Sixty-six million years ago, an asteroid crashed into Earth. Its impact, scientists believe, caused global catastrophic fires, transformed the climate, and caused the extinction of the dinosaurs. A new study shows that if a similar asteroid were to strike Earth today, the soot from fires alone would severely alter the climate and imperil life.

“A world with this big of an [asteroid] impact is a world you wouldn’t want to live in,” said Charles Bardeen, an atmospheric scientist of the University of Colorado at Boulder and lead author of the study.

The asteroid that killed off the dinosaurs and formed the Chicxulub crater in Mexico created havoc for the planet, according to scientists. Ten kilometers (six miles) across, the asteroid sent up clouds of dust and flying red-hot rocks around the globe. Flung almost into orbit, the rocks landed everywhere, sparking fires that set the world ablaze. The asteroid’s impact also vaporized rocks that released greenhouse gases and triggered massive volcanic eruptions in modern-day India. Traces of those eruptions linger today, in the form of basalt layers called the Deccan Traps.

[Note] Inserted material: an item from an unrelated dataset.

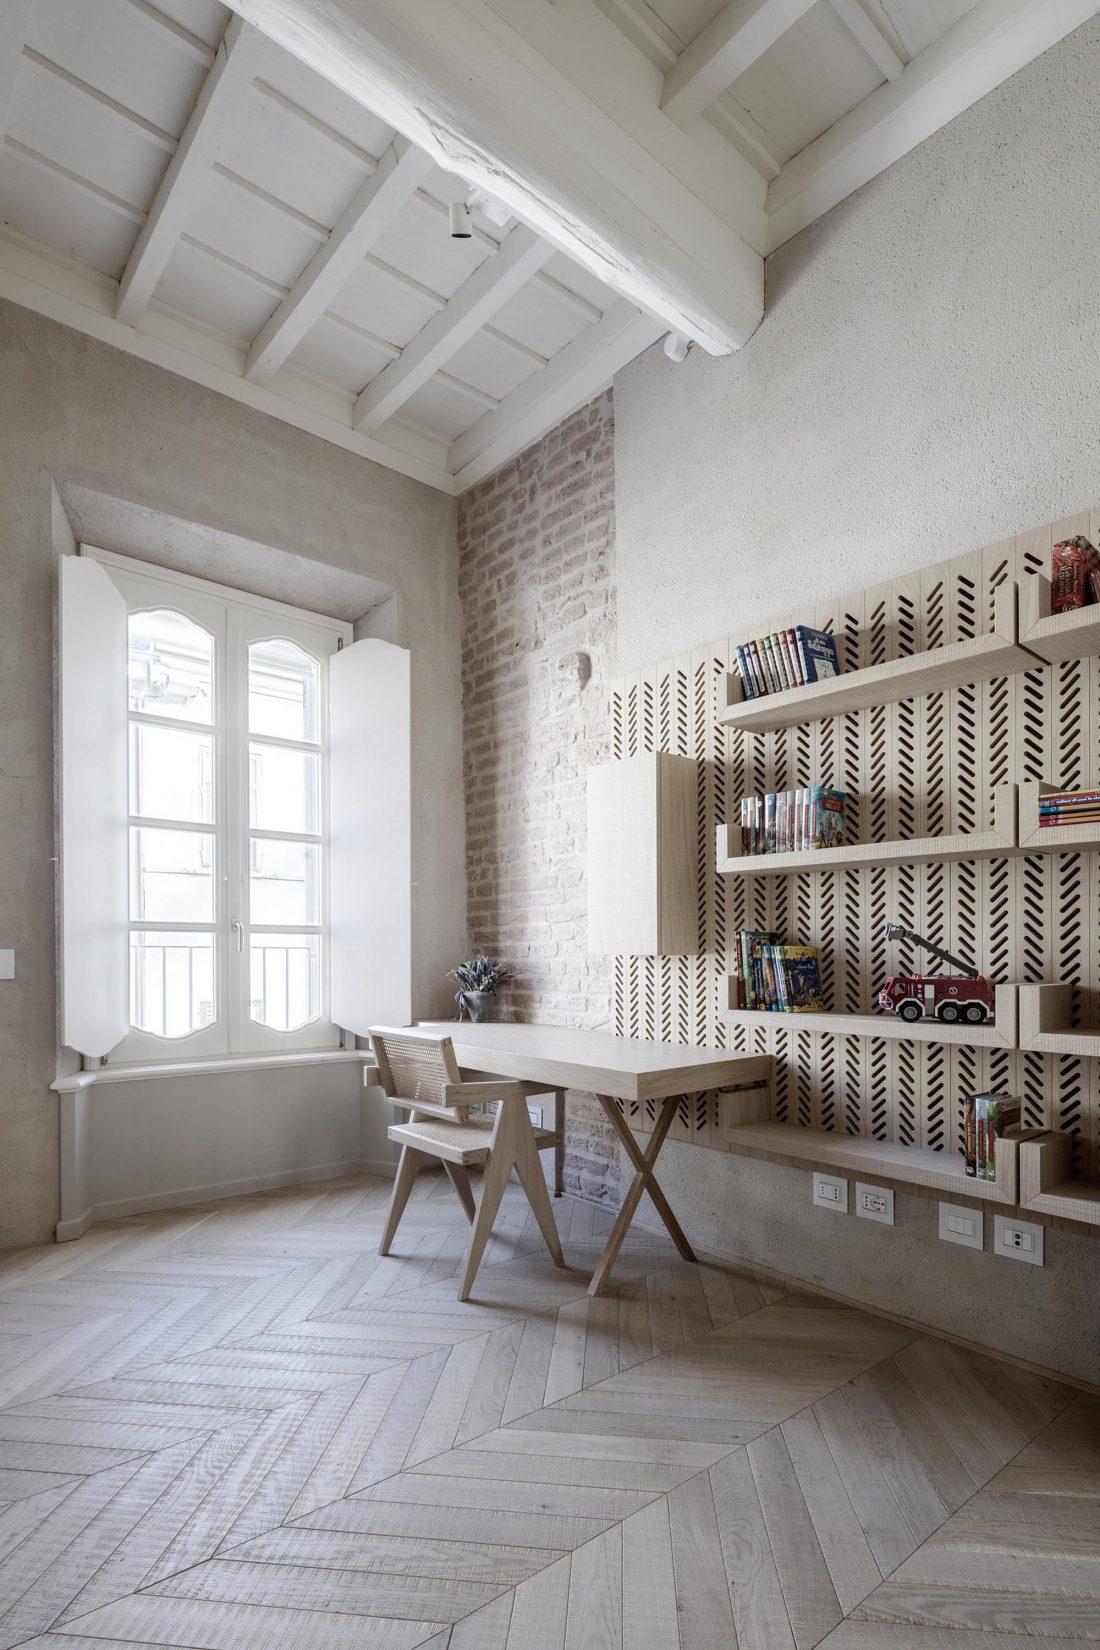 Интерьер квартиры в античном стиле в старинном доме в Италии 5

All these effects would have shifted the climate. But Bardeen and his colleagues have found that the global conflagration’s soot, rising into the atmosphere, may have been cataclysmic on its own.

Using a climate model that captures the whole atmosphere, the team simulated the effect of 70,000 teragrams of soot — the amount that blanketed the earth after the Chicxulub impact — on today’s climate.

The soot would have life-threatening effects, Bardeen reported at the 2015 American Geophysical Union Fall Meeting. According to Bardeen’s model, the soot would blot out sunlight for two years, halting photosynthesis. By three years after the impact, the land surface would have cooled by twice the amount that would send the planet into an ice age. In the same time period, the ocean would have chilled by 10 degrees Celsius. The world would also become much drier: for six years, rain and snowfall would drop to 20 percent of normal levels.

An artist's impression of a massive impact. Credit: NASA Goddard

An artist’s impression of a massive impact. Credit: NASA Goddard

Scientists still debate the extent to which the volcanic eruptions and other effects of the Chicxulub impact altered the ancient climate and endangered life. But the damage the soot would cause to the modern planet is so extensive in the model, the volcanoes may not have mattered much, said Alan Robock, a climatologist at Rutgers University in New York who was not involved in the study.

To investigate the effects the dinosaurs would have seen, Bardeen will next be modeling a Chicxulub impact with the position of the continents at the time the asteroid actually struck. Ocean circulation was different then, and would have affected how the climate responded, he said.

The researchers plan to check these model results against the fossil record. Finding organisms that could survive in these conditions, Bardeen said, would bolster the idea that soot strongly influenced the climate. On the other hand, if fossils contradict the model predictions, then other factors — such as submicron dust from the asteroid impact, carbon dioxide from fires, or sulfur dioxide, both from the impact and volcanoes — could have played larger roles in extinguishing most of life on Earth, he said.